• [ABOUT THIS EXERCISE]: A faithful, word-for-word copy of the data below is required, without pictures.

• [INFORMATION SHOWN]:
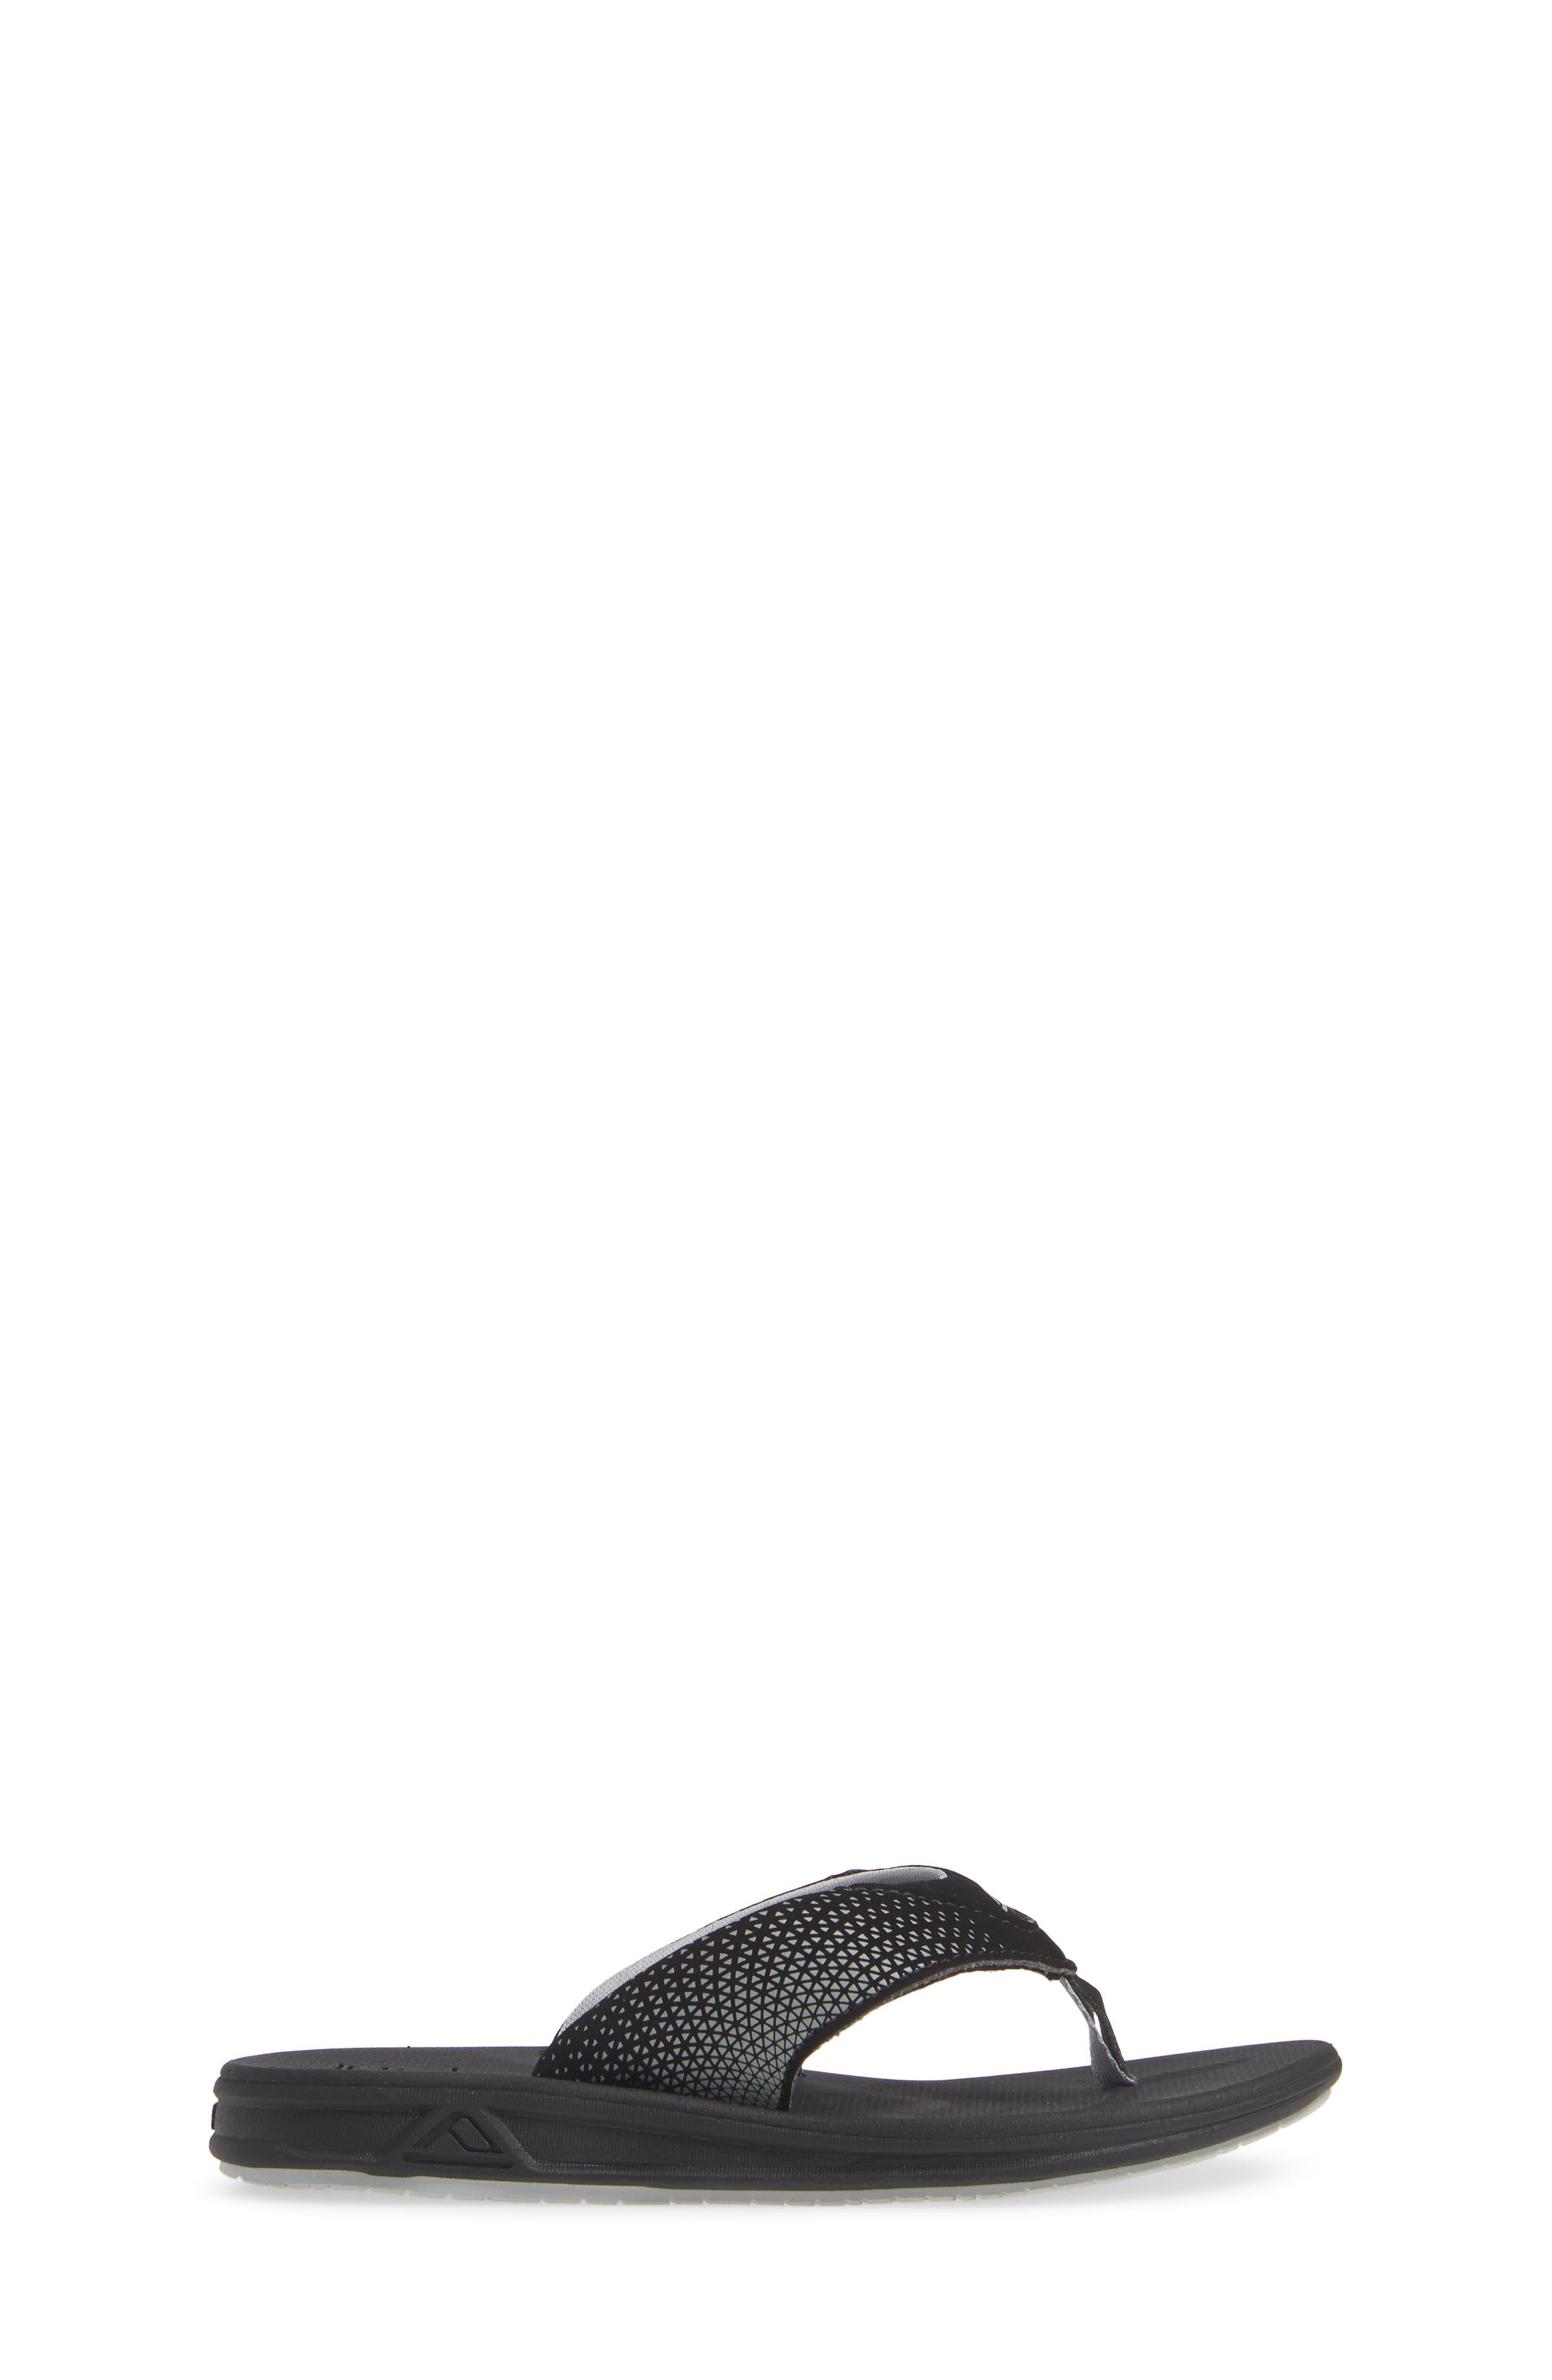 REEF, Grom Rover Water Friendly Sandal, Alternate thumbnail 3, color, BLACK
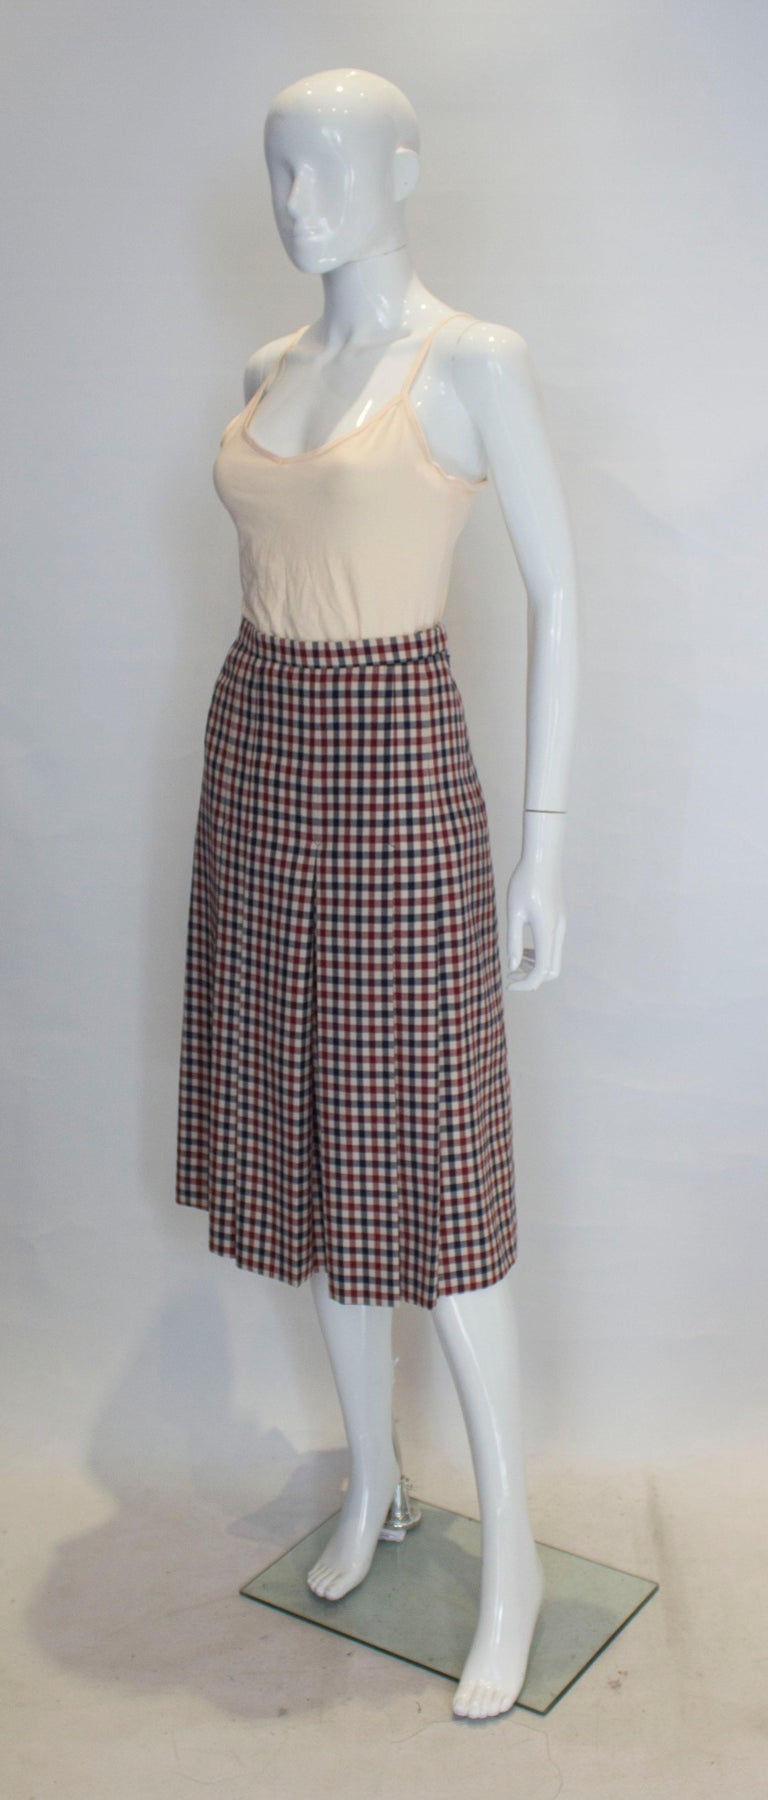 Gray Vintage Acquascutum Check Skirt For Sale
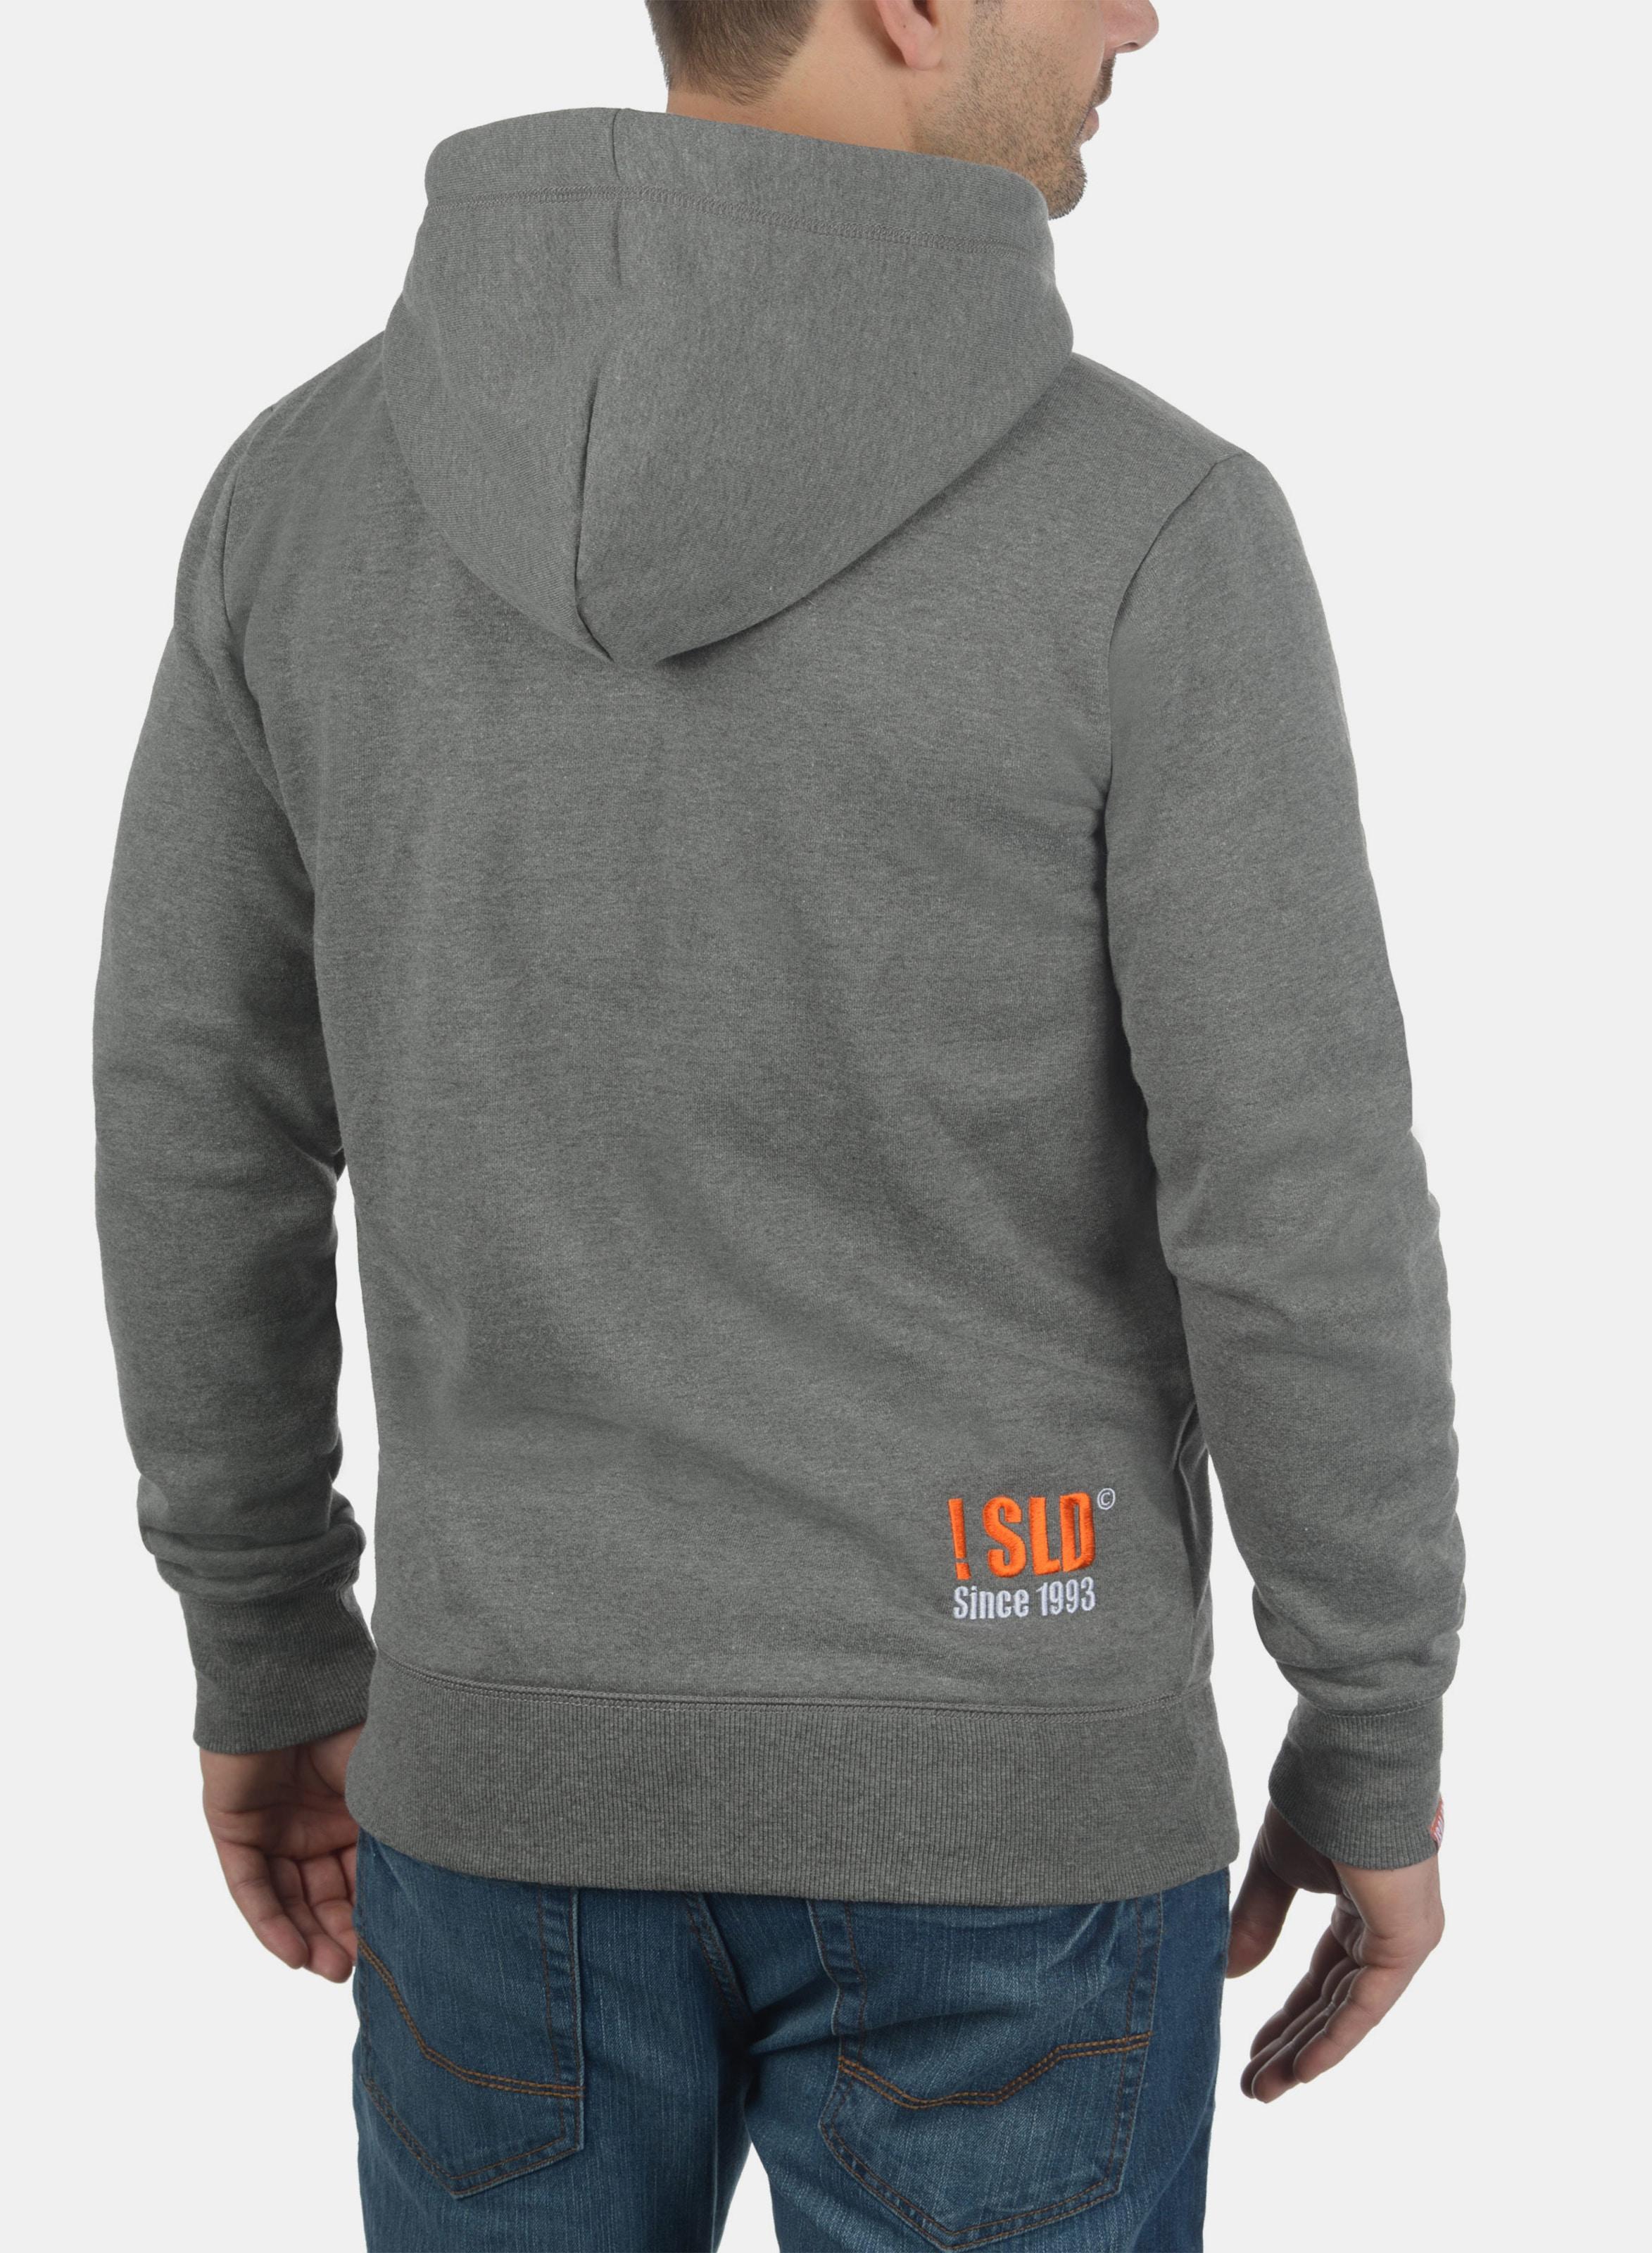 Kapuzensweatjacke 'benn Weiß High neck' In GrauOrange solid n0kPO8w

• [WRITTEN RESPONSE]:
 REEF, Grom Rover Water Friendly Sandal, Alternate thumbnail 3, color, BLACK
 Gray Vintage Acquascutum Check Skirt For Sale
 Kapuzensweatjacke 'benn Weiß High neck' In GrauOrange solid n0kPO8w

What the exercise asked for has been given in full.